EXTRACTED INFORMATION:
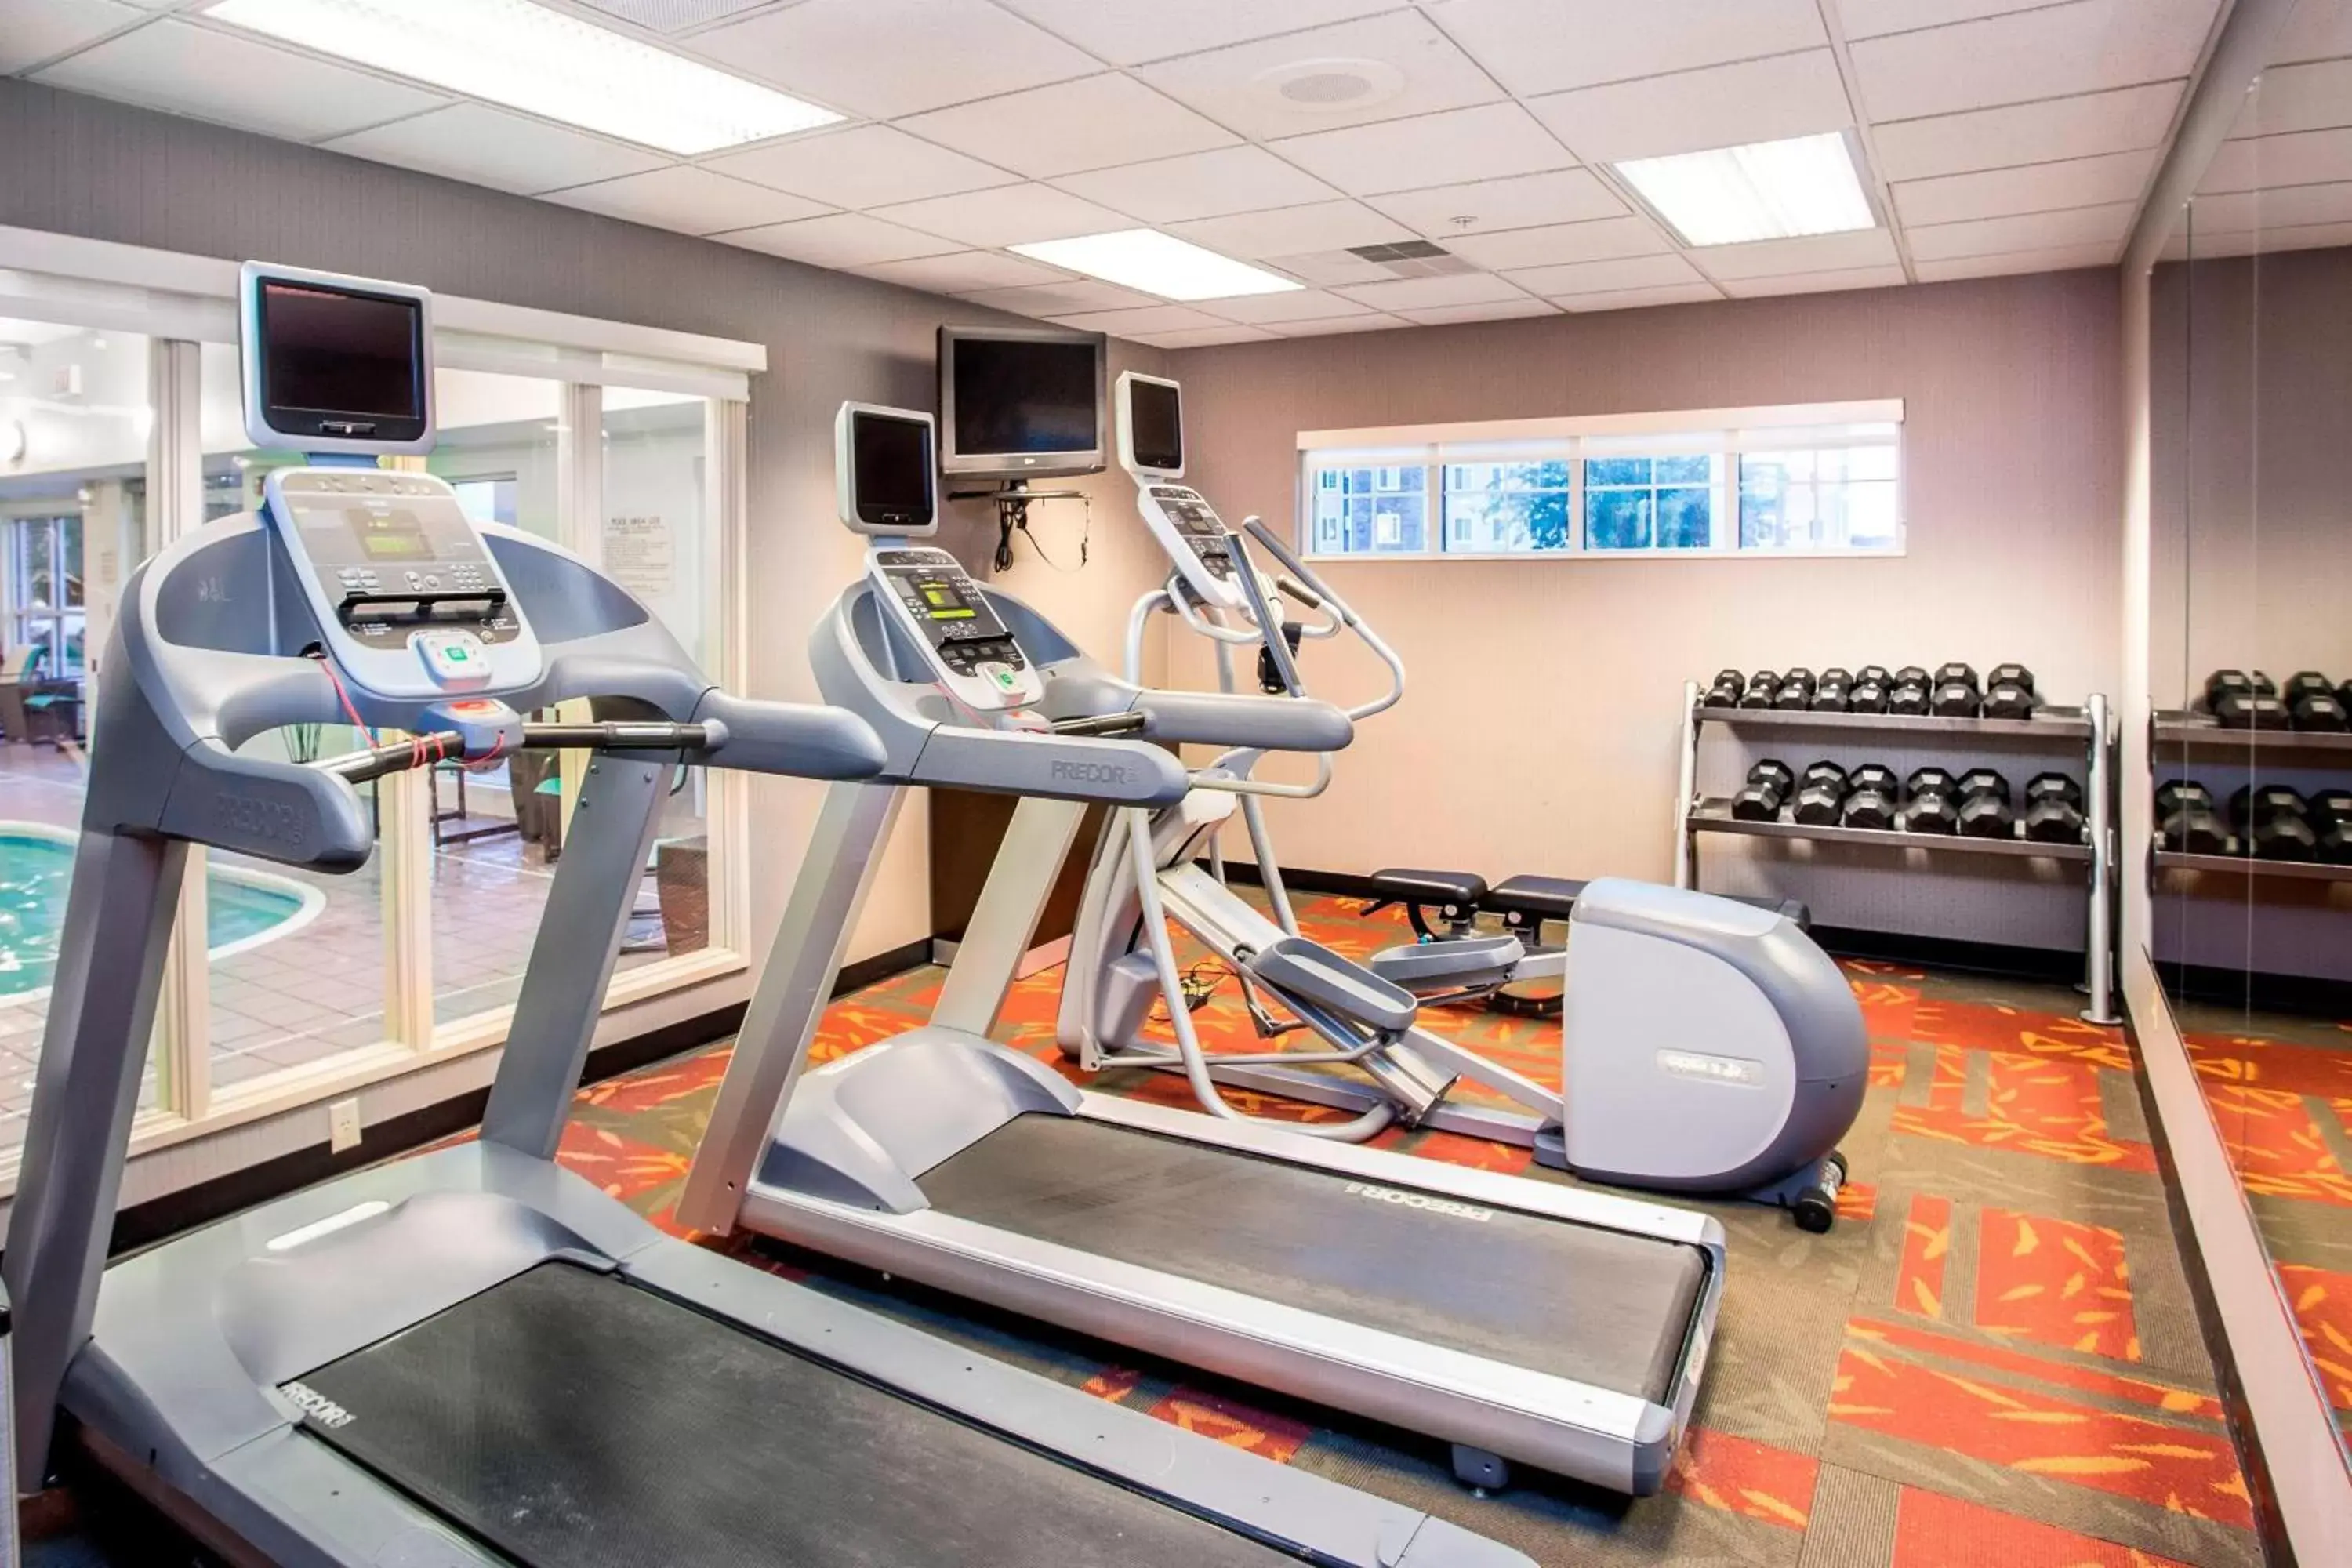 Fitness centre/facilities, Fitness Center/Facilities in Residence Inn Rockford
==
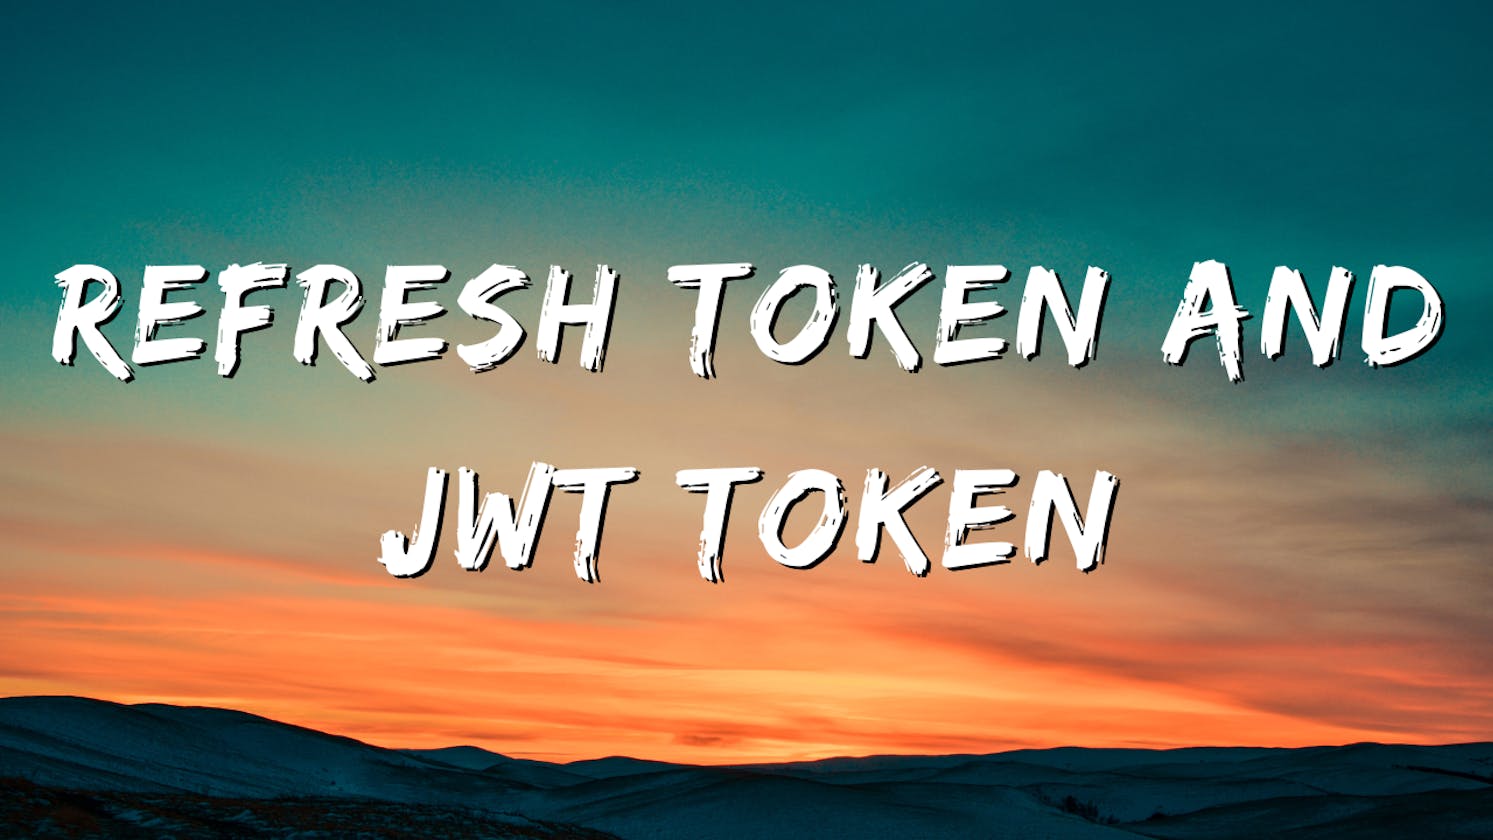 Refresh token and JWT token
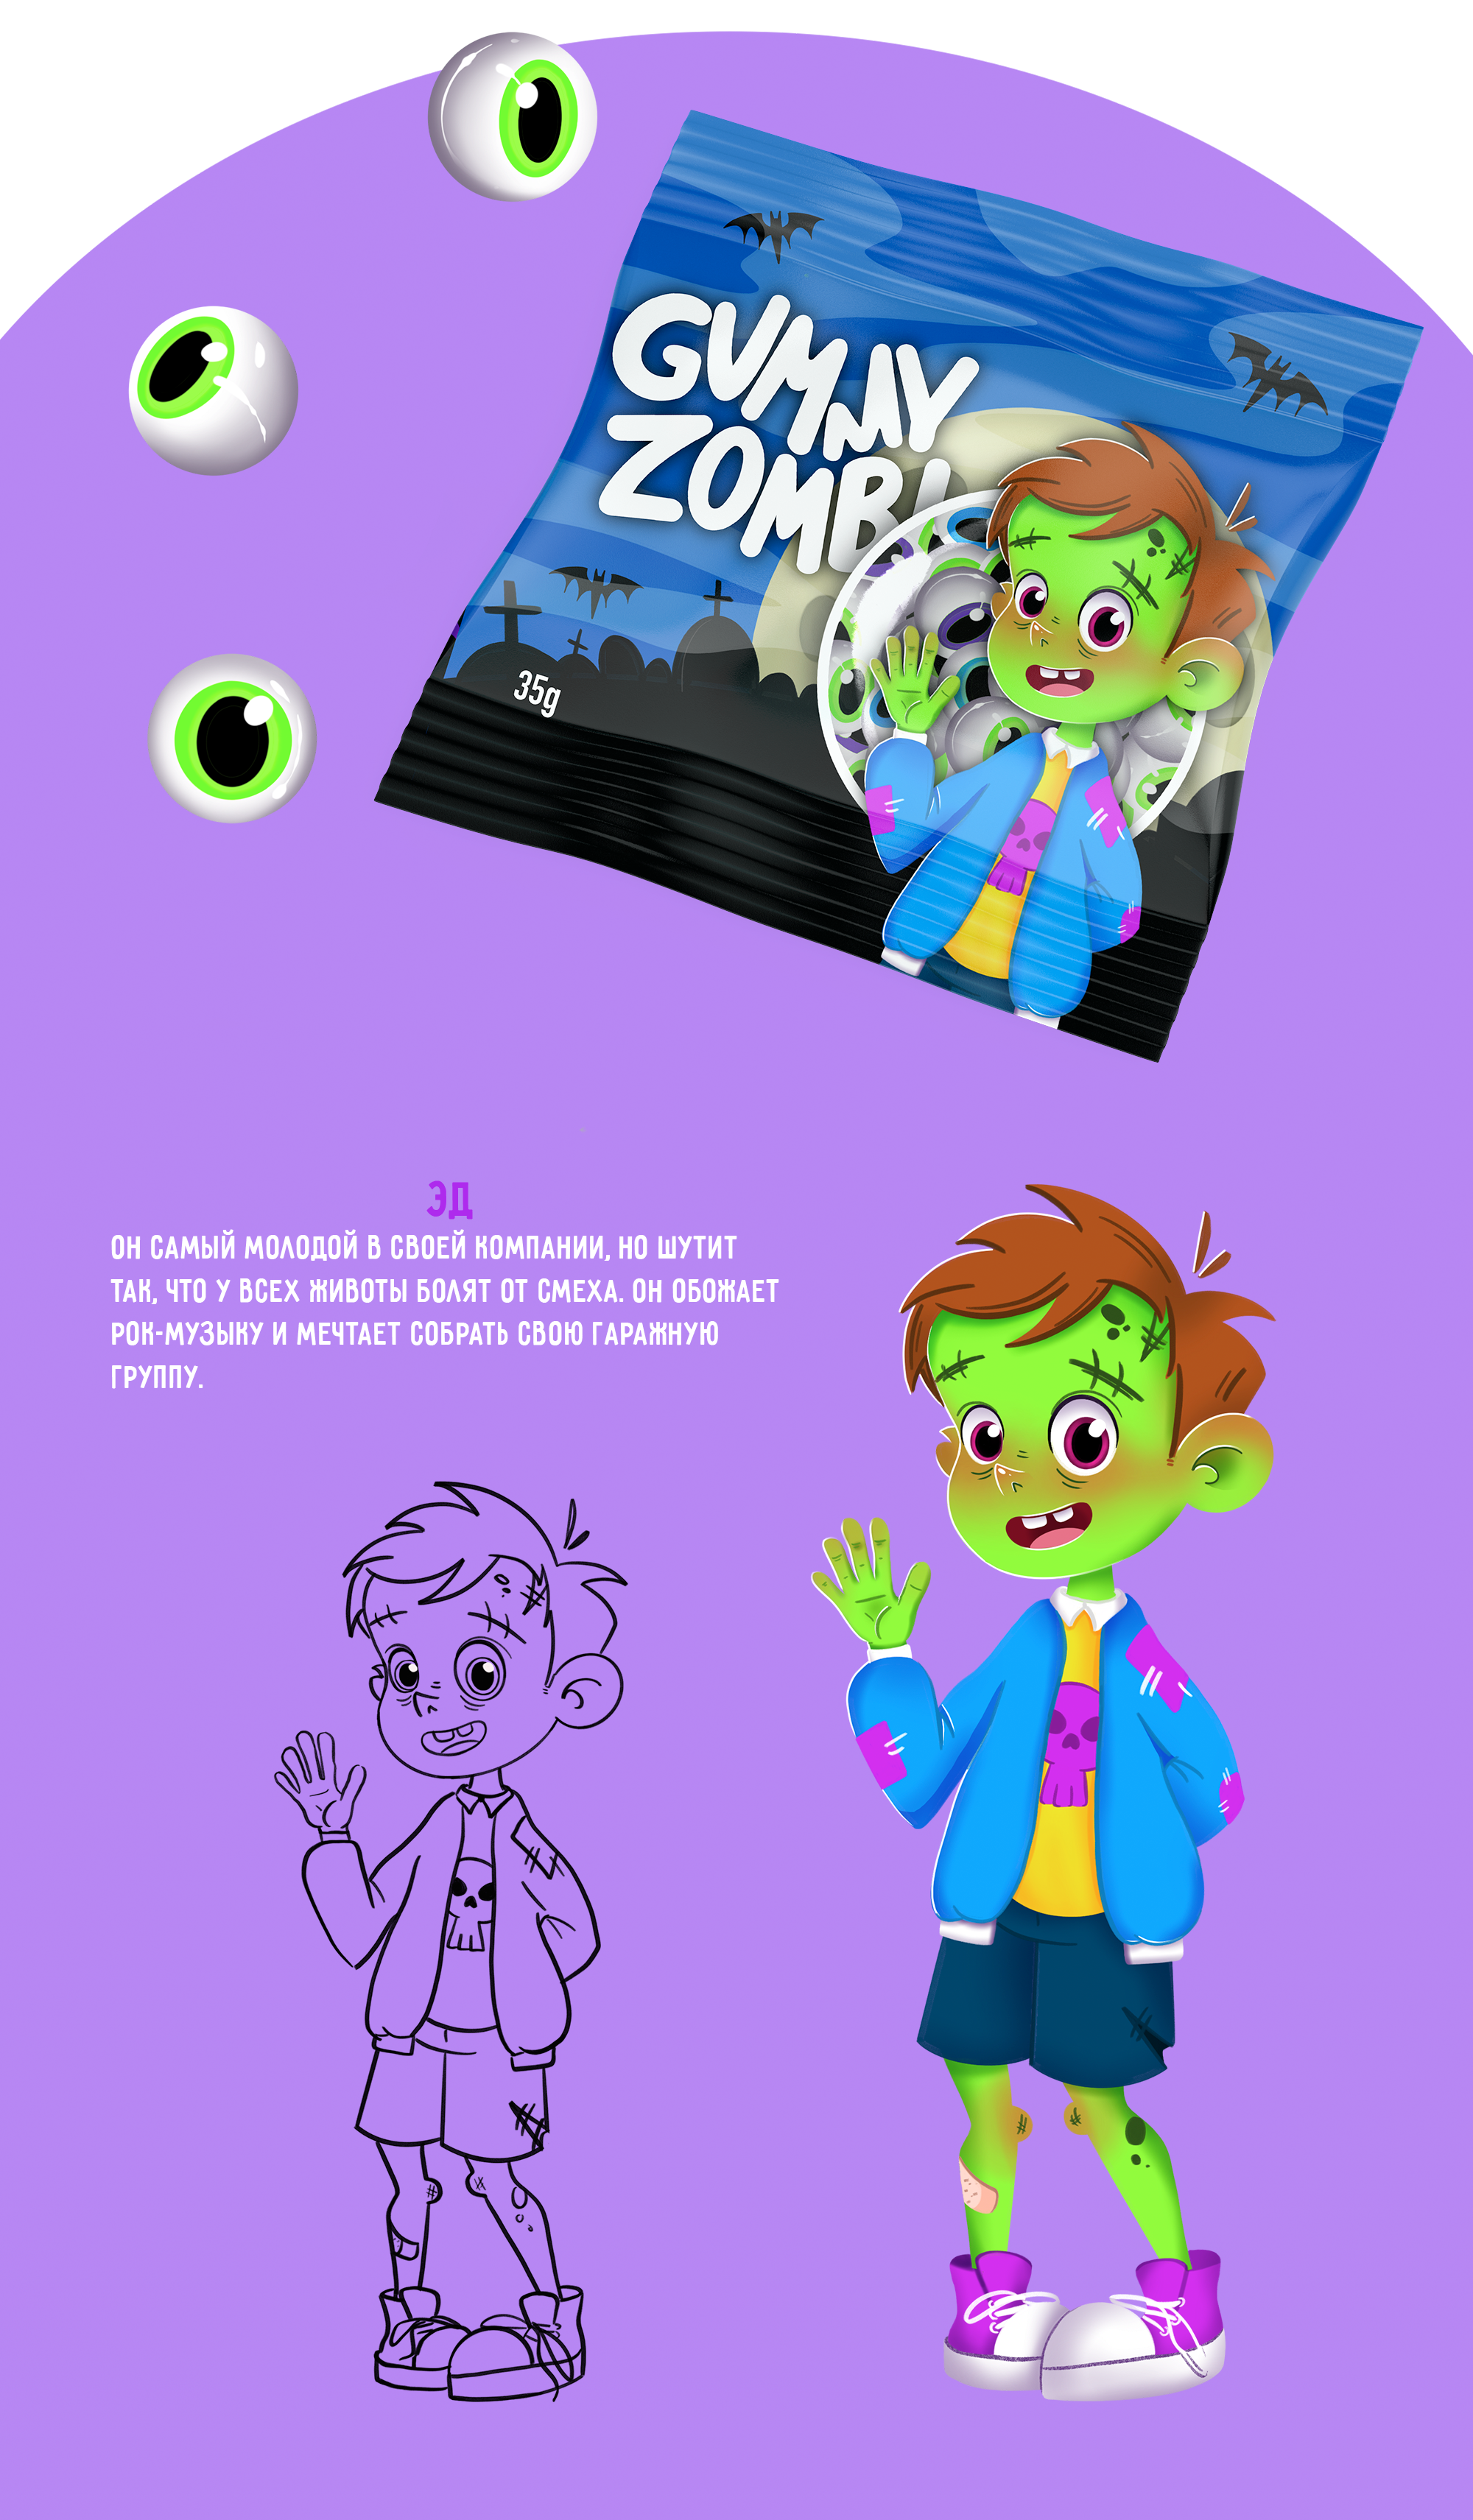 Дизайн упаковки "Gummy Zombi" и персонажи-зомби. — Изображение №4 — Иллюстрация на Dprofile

ASSIGNED TASK:
Exercise for the records above: copy only the lines from the one with "Refresh token and JWT token" to the one with "Иллюстрация на Dprofile", both ends kept, and drop the pictures.

RESULT OF THIS TASK:
 Refresh token and JWT token
 Дизайн упаковки "Gummy Zombi" и персонажи-зомби. — Изображение №4 — Иллюстрация на Dprofile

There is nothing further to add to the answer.